On Jan. 9, the top U.S. diplomat also announced the removal of all “self-imposed restrictions” that regulate how American officials interact with Taiwan. These rules had been set up largely to avoid drawing diplomatic tirades and other reactions from the Chinese Communist Party (CCP). 

The CCP protested the State Department’s removal of protocol governing US-ROC diplomatic relations and plans to send Kelly Craft, saying that Washington was “playing with fire.” On Jan. 11, Communist Chinese foreign ministry spokesperson Zhao Lijian said that America would be “met with resolute responses.” 

Chinese aircraft carrier Liaoning. (Image: Baycrest via wikimedia / CC BY-SA 2.5)

State-backed media Global Times published an article accusing the move as last-ditch “madness” by the Trump administration.

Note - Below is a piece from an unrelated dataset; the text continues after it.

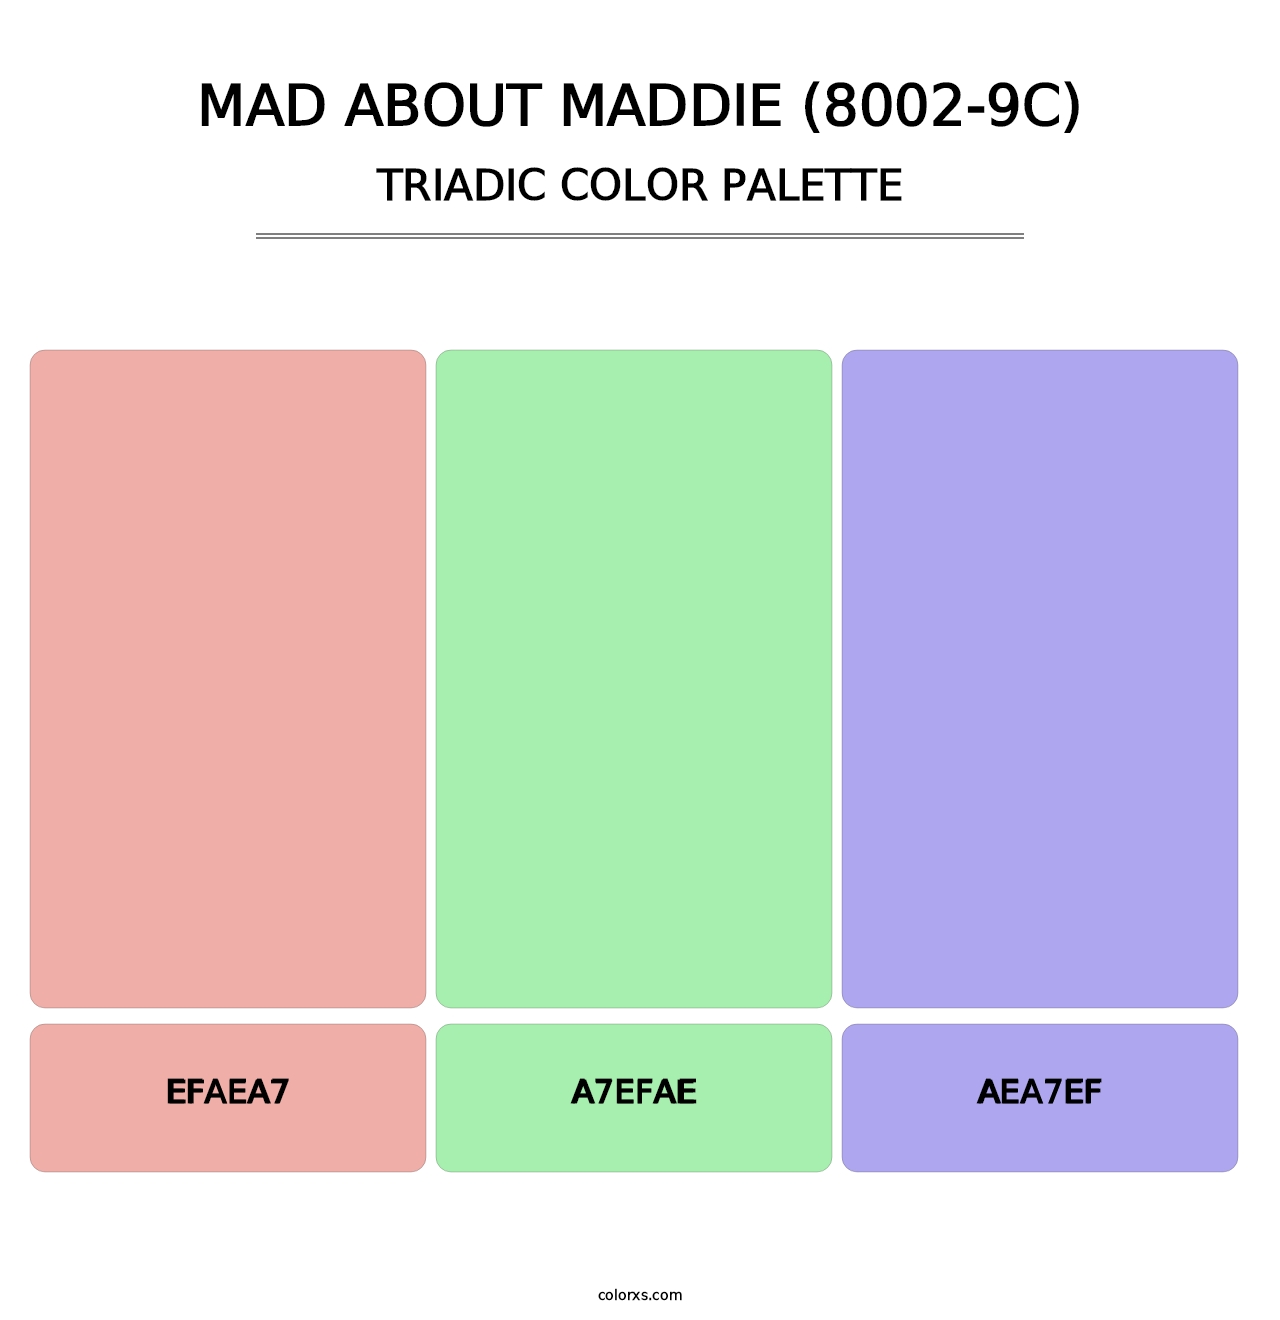 Mad About Maddie (8002-9C) - Triadic Color Palette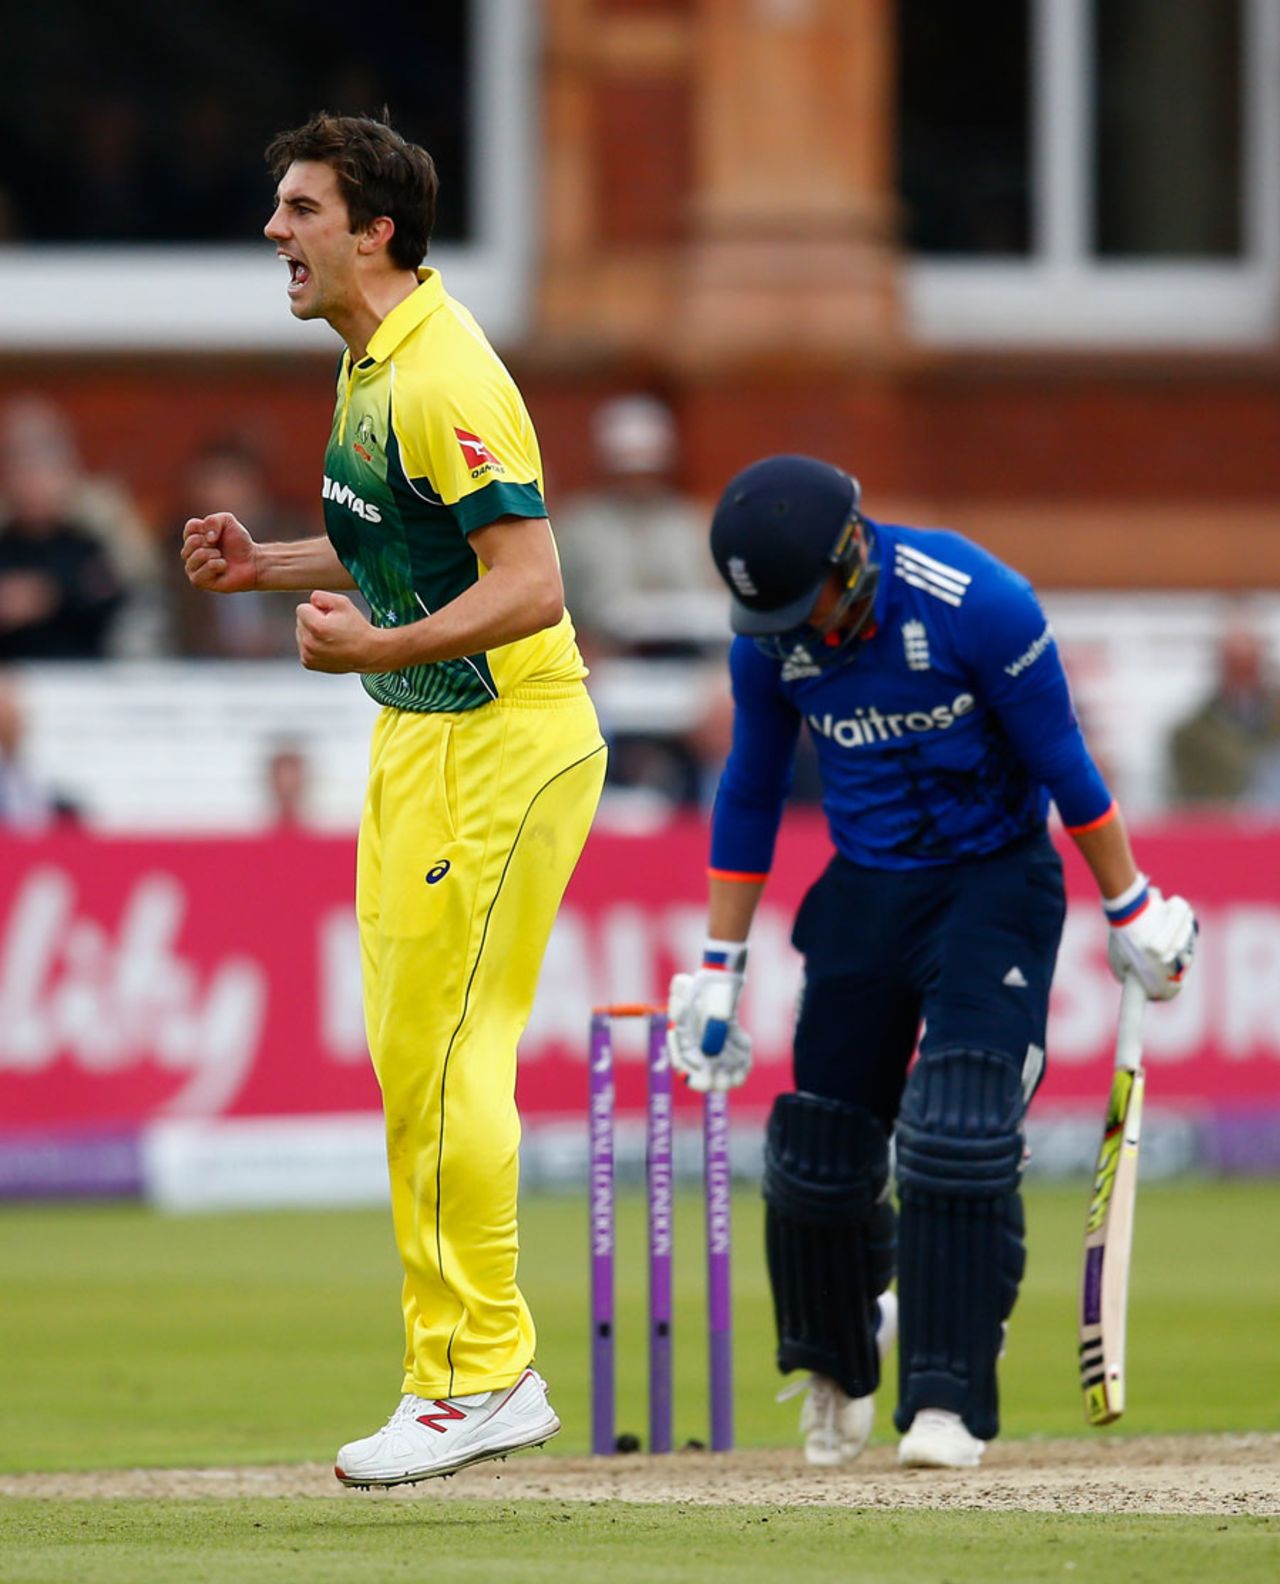 Pat Cummins exults after taking the wicket of Jason Roy, England v Australia, 2nd ODI, Lord's, September 5, 2015

It argued that the Chinese government needs to resolutely oppose the “provocation” and push the incoming Biden administration to cancel the new policy.

Apart from Craft’s canceled Taiwan trip, Pompeo called off his plans to visit Europe after top European officials declined to meet with him, as reported by Reuters on Jan. 12. 

The U.S.-ROC relationship goes back to World War II, when American forces aided China against the Japanese invasion. In 1949, the ROC’s rule in mainland China was toppled by communist rebels, who established the People’s Republic of China, while the republican government fled to the island of Taiwan.

U.S. authorities under the Trump administration have taken steps to boost relations with Taipei. In addition to sending high-ranking officials to the island, the United States has increased arms sales to the ROC, pushed for greater Taiwanese participation in the UN, highlighted Taiwan’s democratic system in contrast to the CCP’s authoritarianism, and increased its guarantee of the island’s security.